**Task requirements**. I would like the lines below, from the one with "Ikeas varuhus i" through the one with "Slipbuster Basic Toe", copied exactly and without any pictures.

**Task inputs**.

★ ★ ★ ★ ★

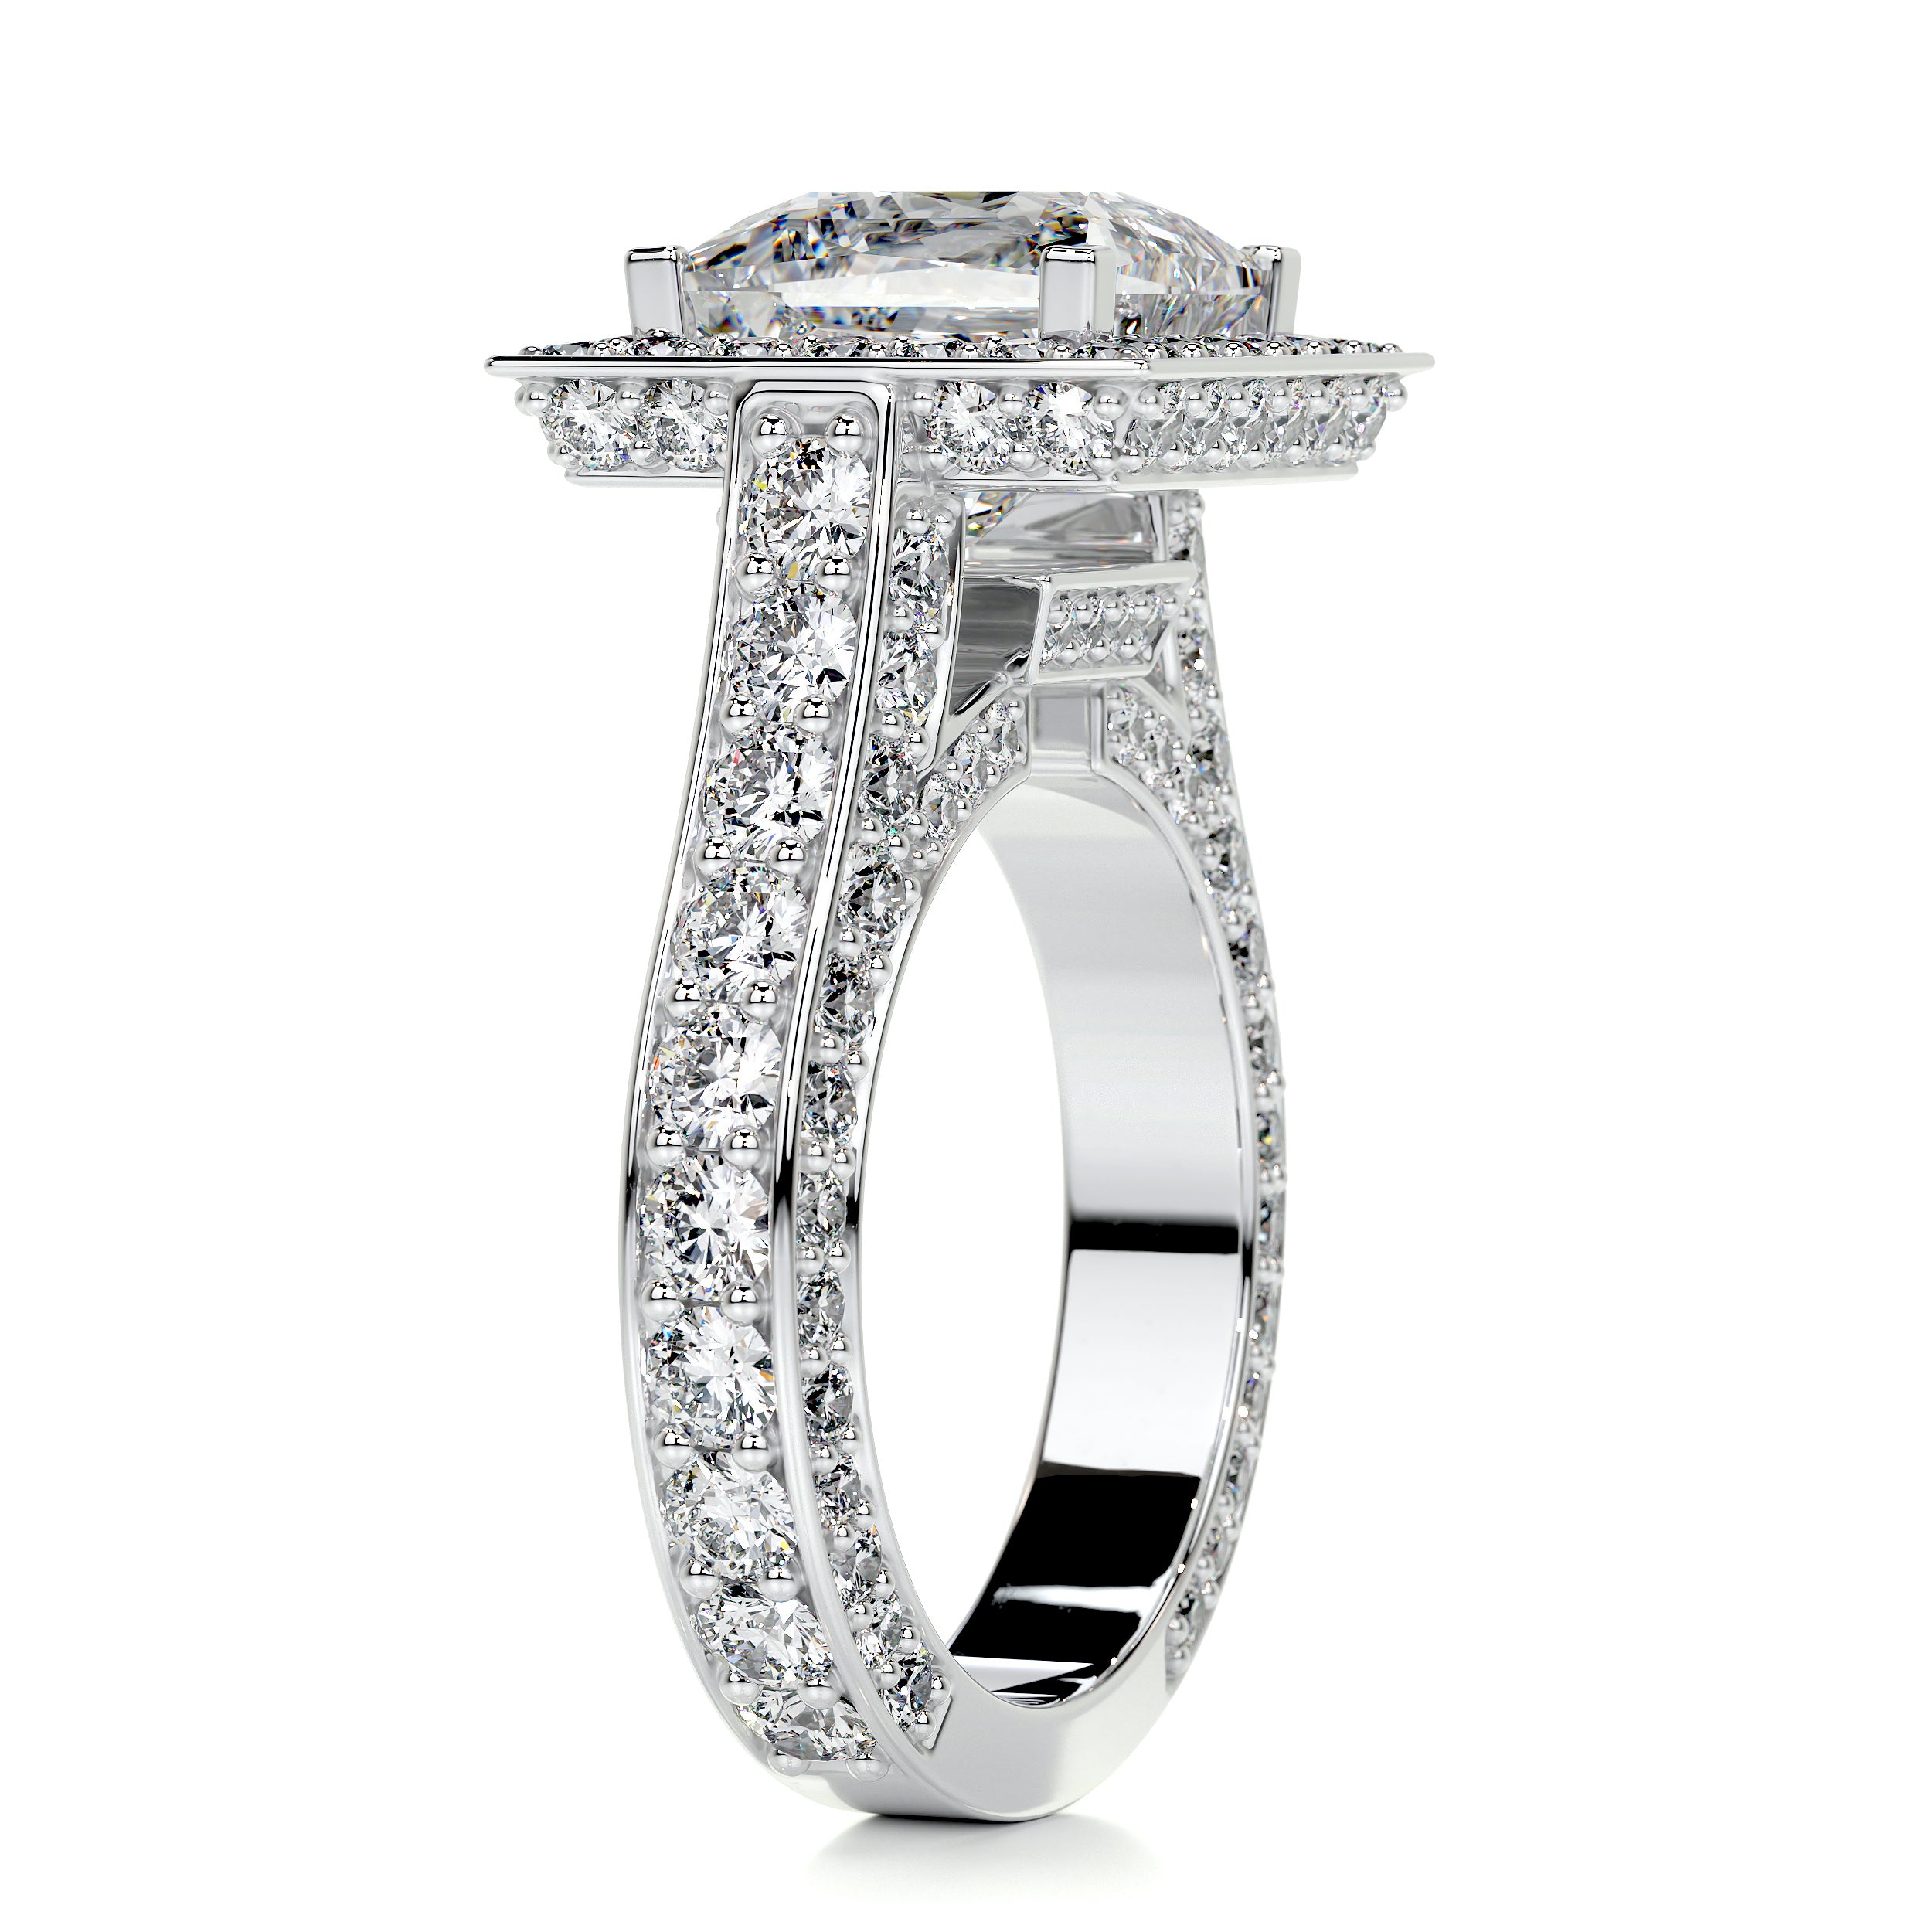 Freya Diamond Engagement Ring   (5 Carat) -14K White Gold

★ ★ ★ ★ ★

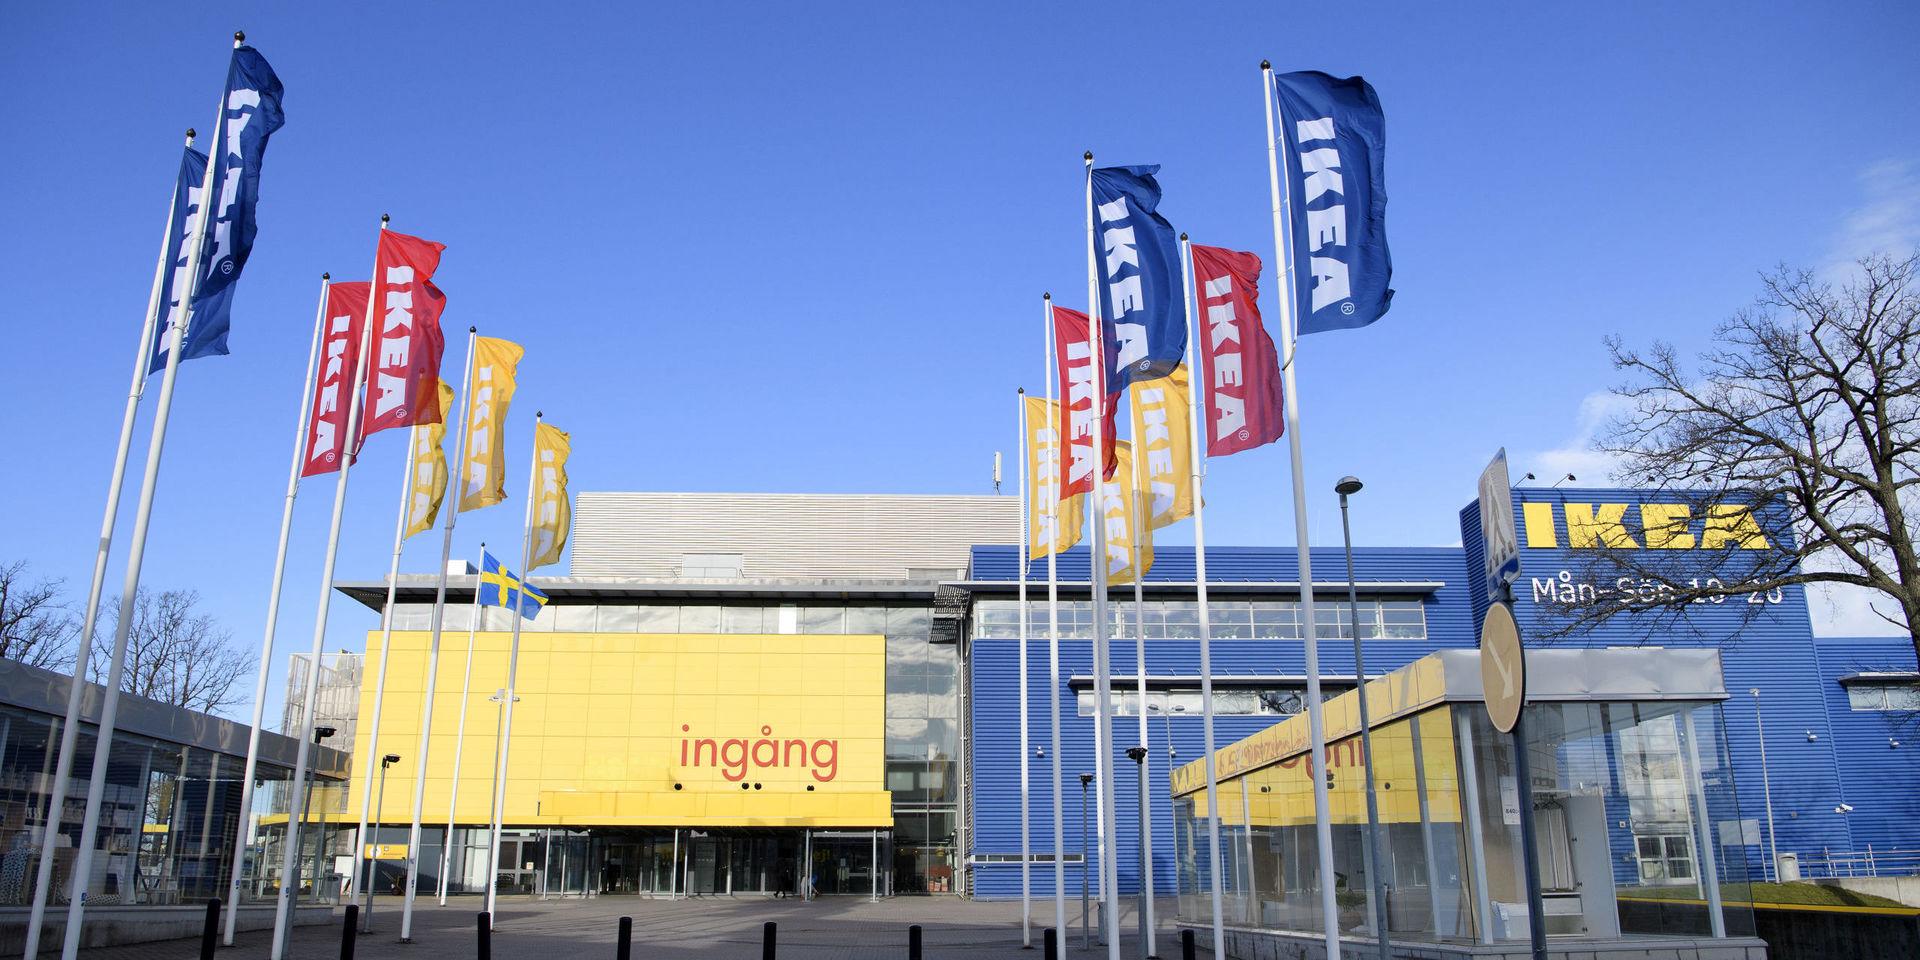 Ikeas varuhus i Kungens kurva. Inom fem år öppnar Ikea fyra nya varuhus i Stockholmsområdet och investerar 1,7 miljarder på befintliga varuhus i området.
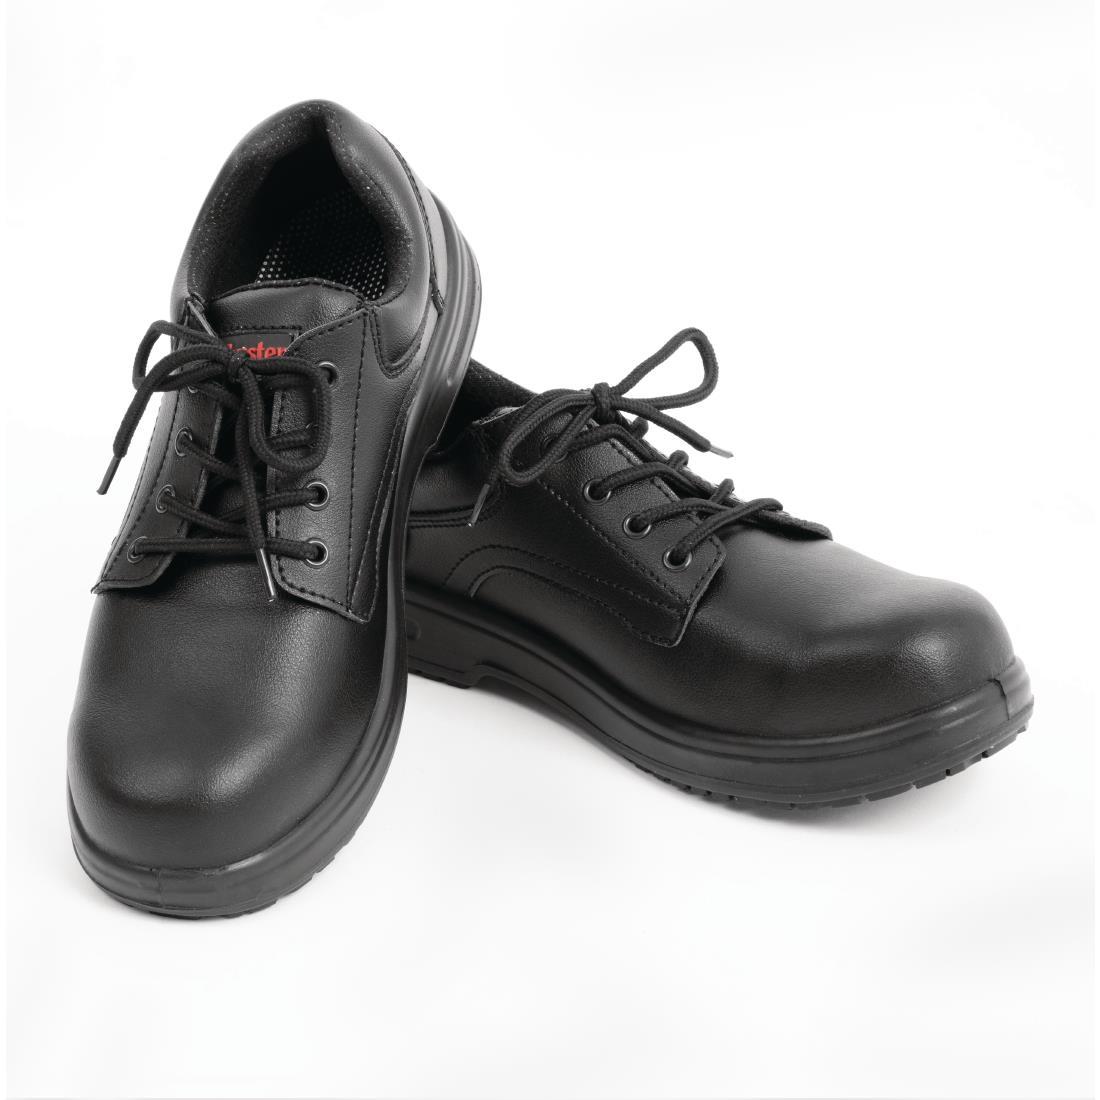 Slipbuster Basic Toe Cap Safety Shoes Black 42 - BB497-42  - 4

★ ★ ★ ★ ★

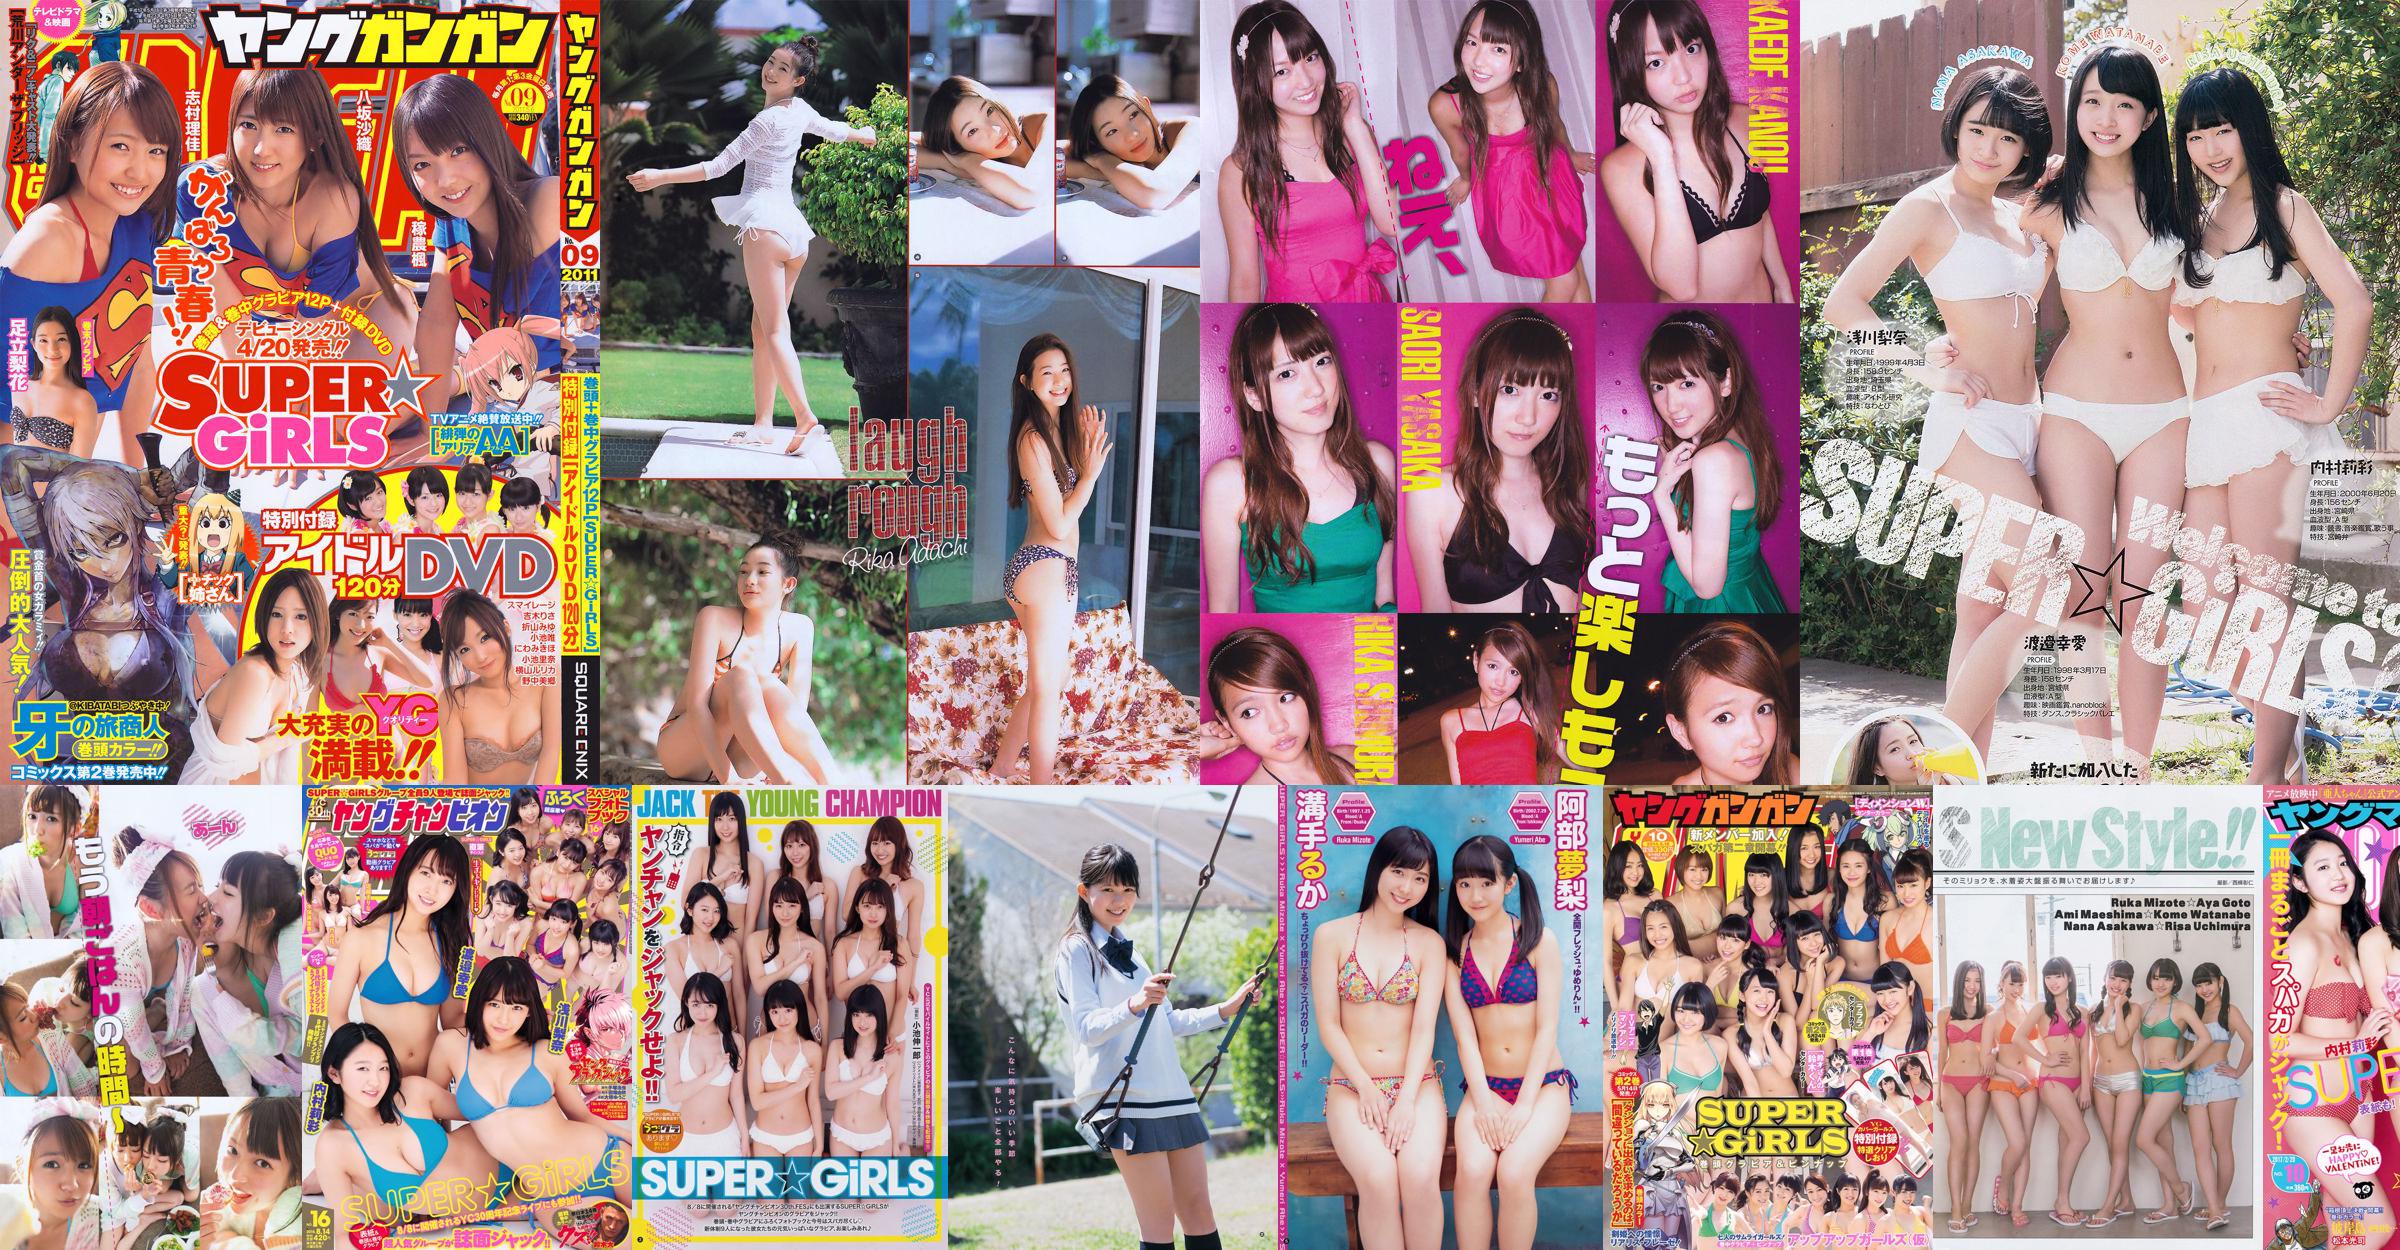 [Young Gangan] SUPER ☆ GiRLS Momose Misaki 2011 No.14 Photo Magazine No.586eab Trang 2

★ ★ ★ ★ ★

**Written solution**.
 Ikeas varuhus i Kungens kurva. Inom fem år öppnar Ikea fyra nya varuhus i Stockholmsområdet och investerar 1,7 miljarder på befintliga varuhus i området.
 Slipbuster Basic Toe Cap Safety Shoes Black 42 - BB497-42  - 4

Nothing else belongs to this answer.